Taisuke Tanaka, Research Analyst at Deutsche Bank, notes that according to Japan’s foreign securities investment statistics, Japanese investors (excluding the mostly currency-neutral banking sector) were net buyers of foreign stocks by ¥831.8bn and of foreign bonds by ¥677.9bn in January.
Key Quotes
“Net buying amount for foreign stocks topped November’s ¥526.3bn and December’s ¥251.9bn as index-based investors (eg, pensions) bought on dips in response to falling stock prices and a higher JPY. In contrast, net buying amount for foreign bonds has been decreasing since October 2015.
Amid global risk-averse symptoms, the USD/JPY fell to the 115’s at one point in January. Although Japanese investors were robust foreign-currency buyers on dips, mainly of USD-denominated securities and led by pensions, total amount was modest.
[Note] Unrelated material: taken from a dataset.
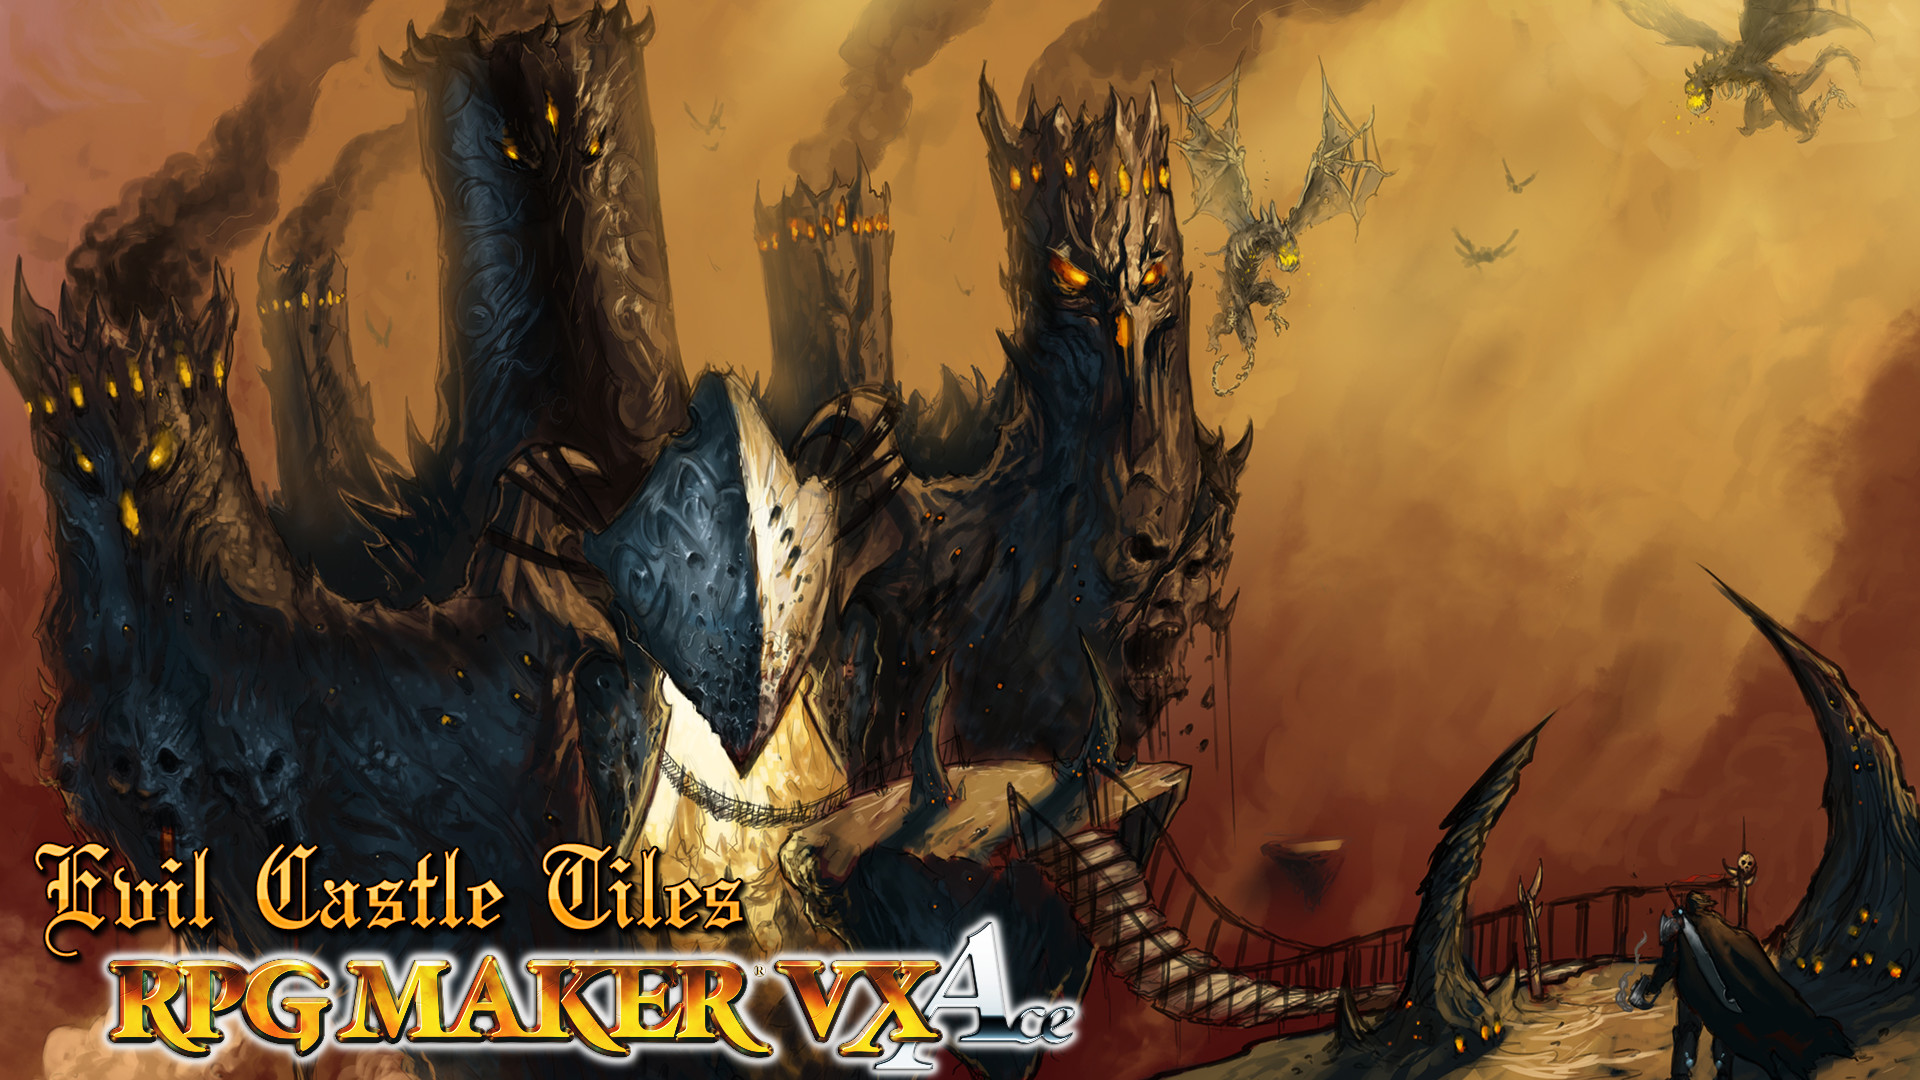 RPG Maker VX Ace - Evil Castle Tiles Pack Featured Screenshot #1
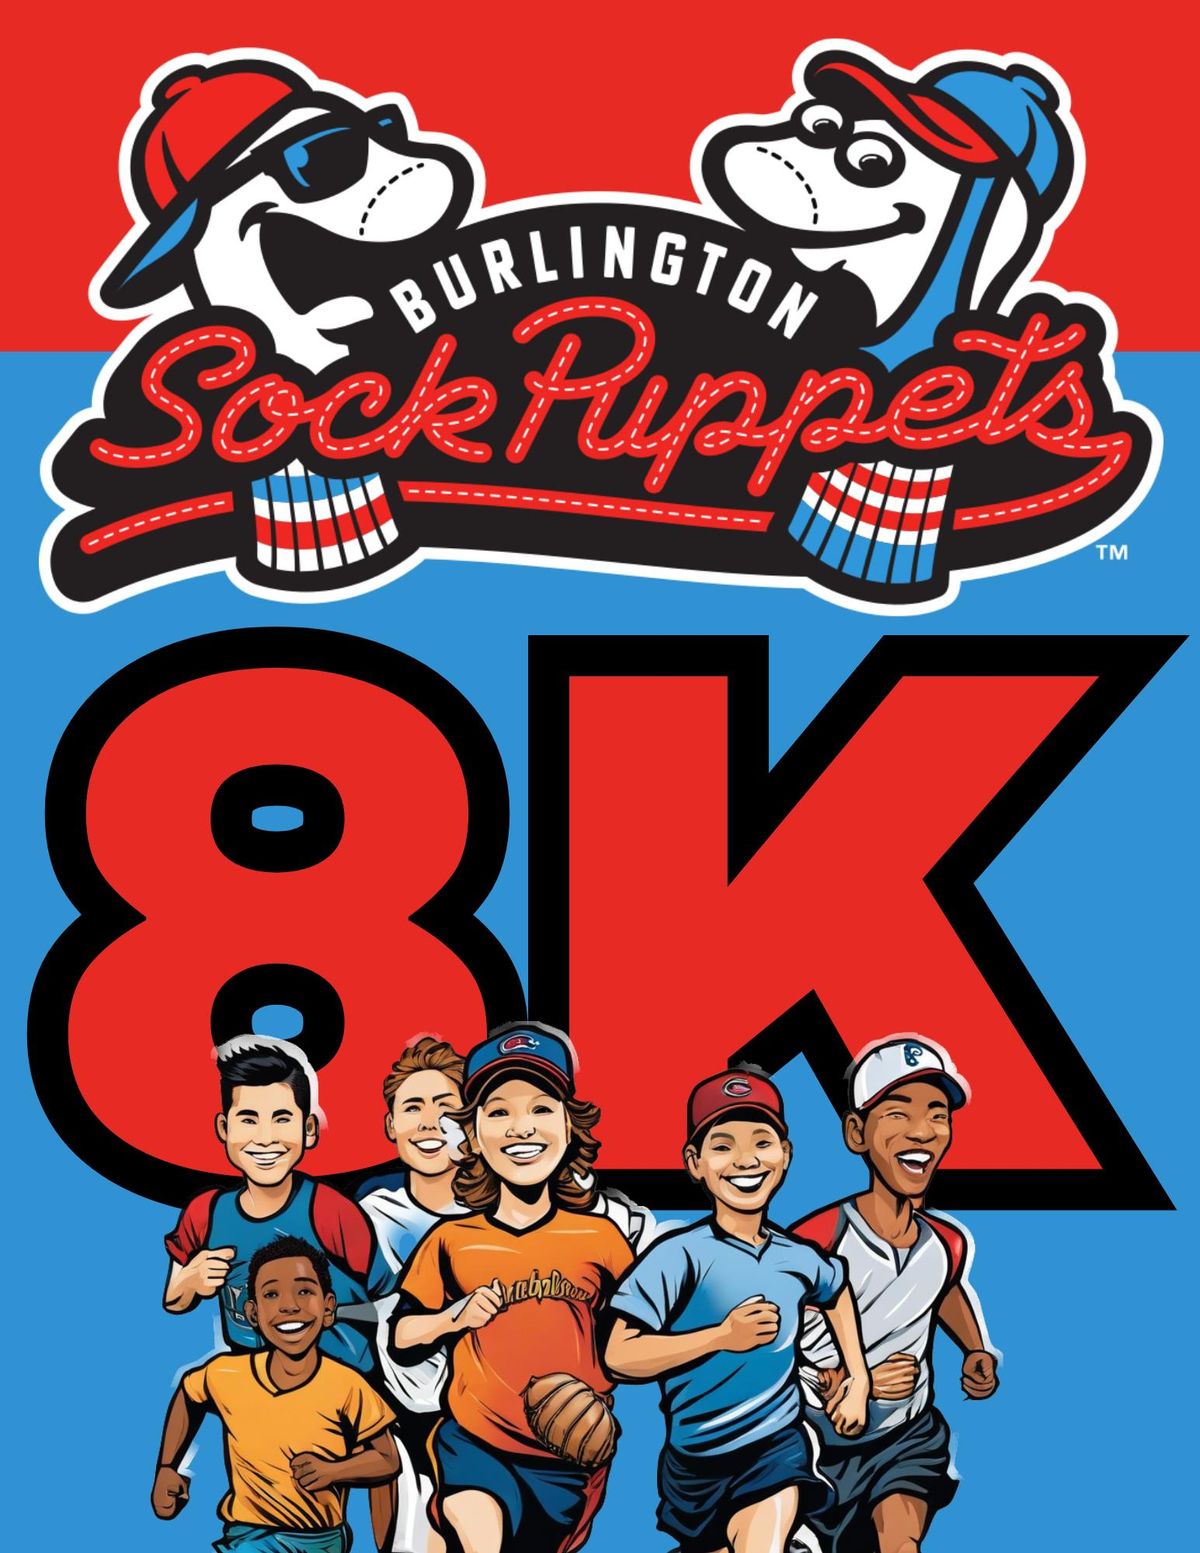 Burlington Sock Puppets 8k on July 13th

Buying on dips by Japanese investors continues to support the USD/JPY, but we need to bear in mind that momentum is no longer as strong as last year.
Application of negative interest rates to a part of BoJ current-account deposit begins from 16 February. JGB yields already down, and pressure is gradually rising for Japanese real money to flow into foreign markets. However, as long as the global risk-averse environment persists, it is difficult to envisage Japanese investors reviving their FX investment substantially. We err more on the cautious side, looking for the USD/JPY to hold at the 115-120 range for the foreseeable future.”